**WHAT TO DO:** Word for word, reproduce the listing that follows, excluding any pictures it contains.

**INFORMATION PROVIDED:**
# # # # # # #

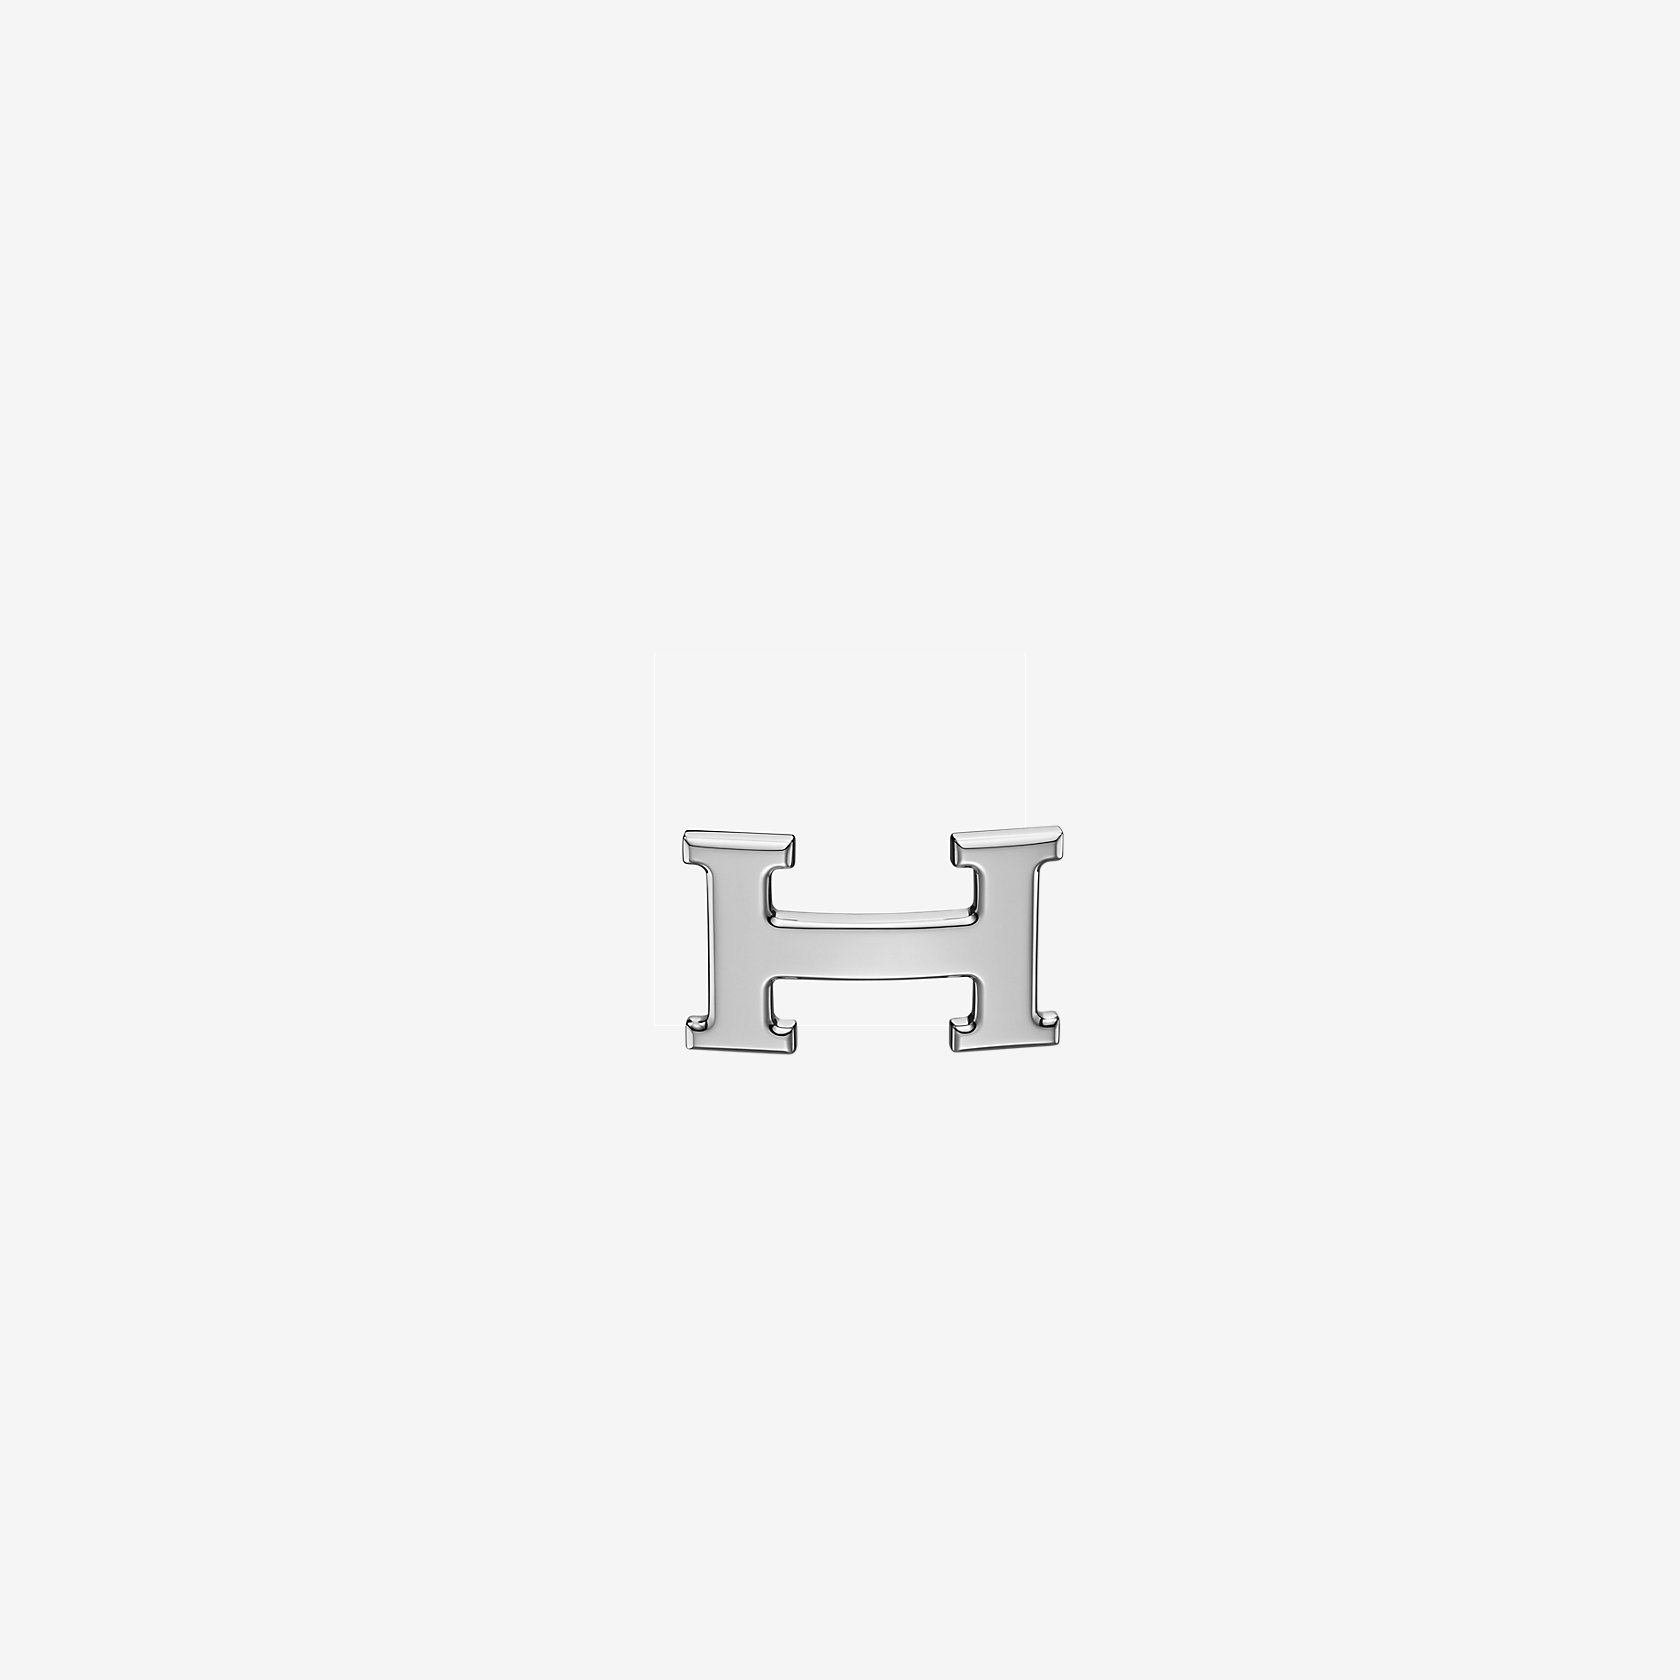 H belt buckle & Reversible leather strap 32 mm | Hermès Australia
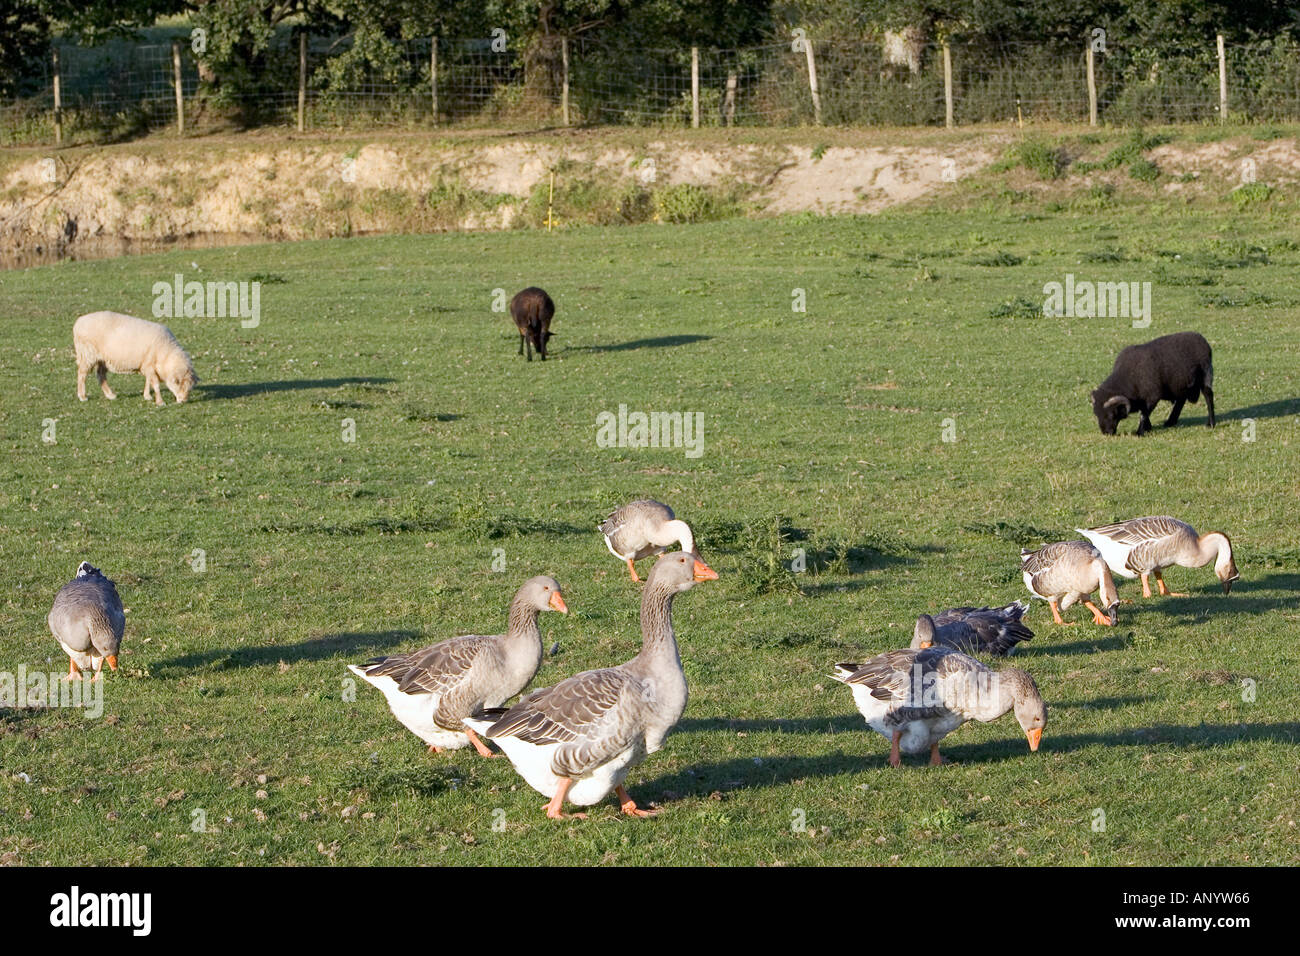 Geese and sheep farm Britanny France Free range birds may be at risk if Avian Flu Bird Flu Virus spreads Stock Photo
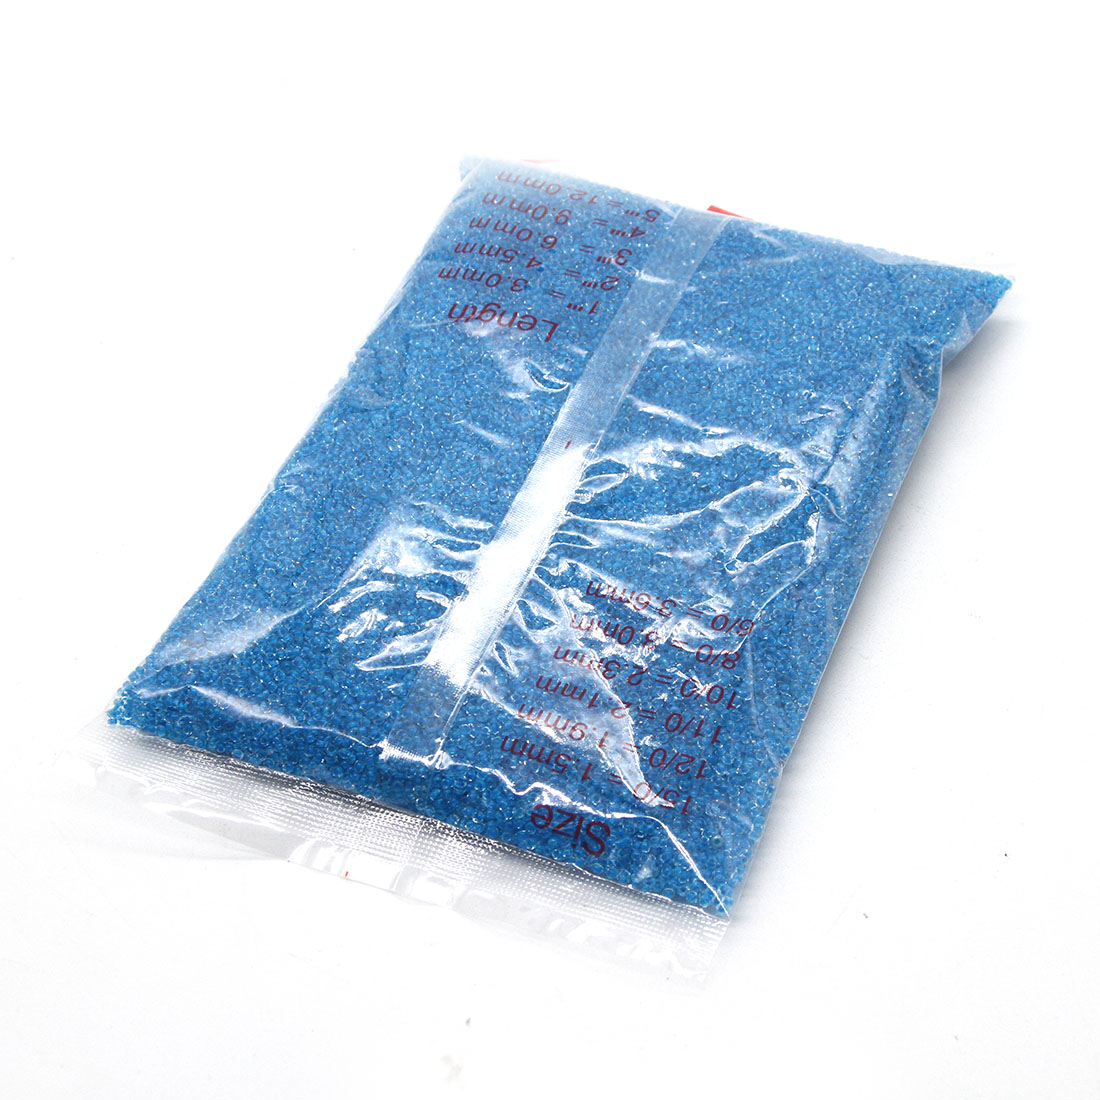 Lake blue 3mm 10,000 packs
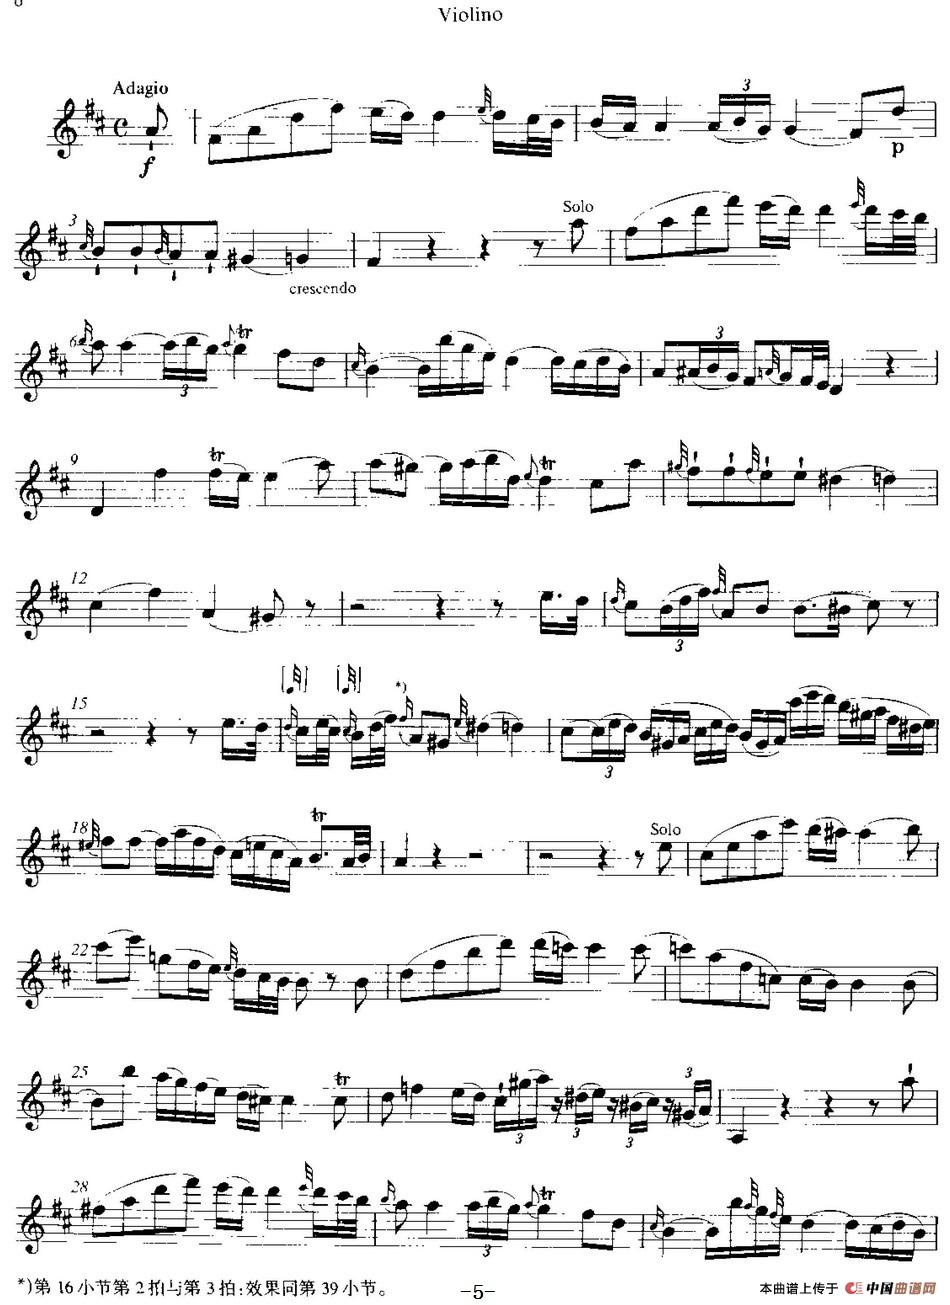 G大调第三小提琴协奏曲  KV216

# # # # # # #

**WORKED SOLUTION:**
 H belt buckle & Reversible leather strap 32 mm | Hermès Australia
 Geese and sheep farm Britanny France Free range birds may be at risk if Avian Flu Bird Flu Virus spreads Stock Photo
 Lake blue 3mm 10,000 packs
 G大调第三小提琴协奏曲  KV216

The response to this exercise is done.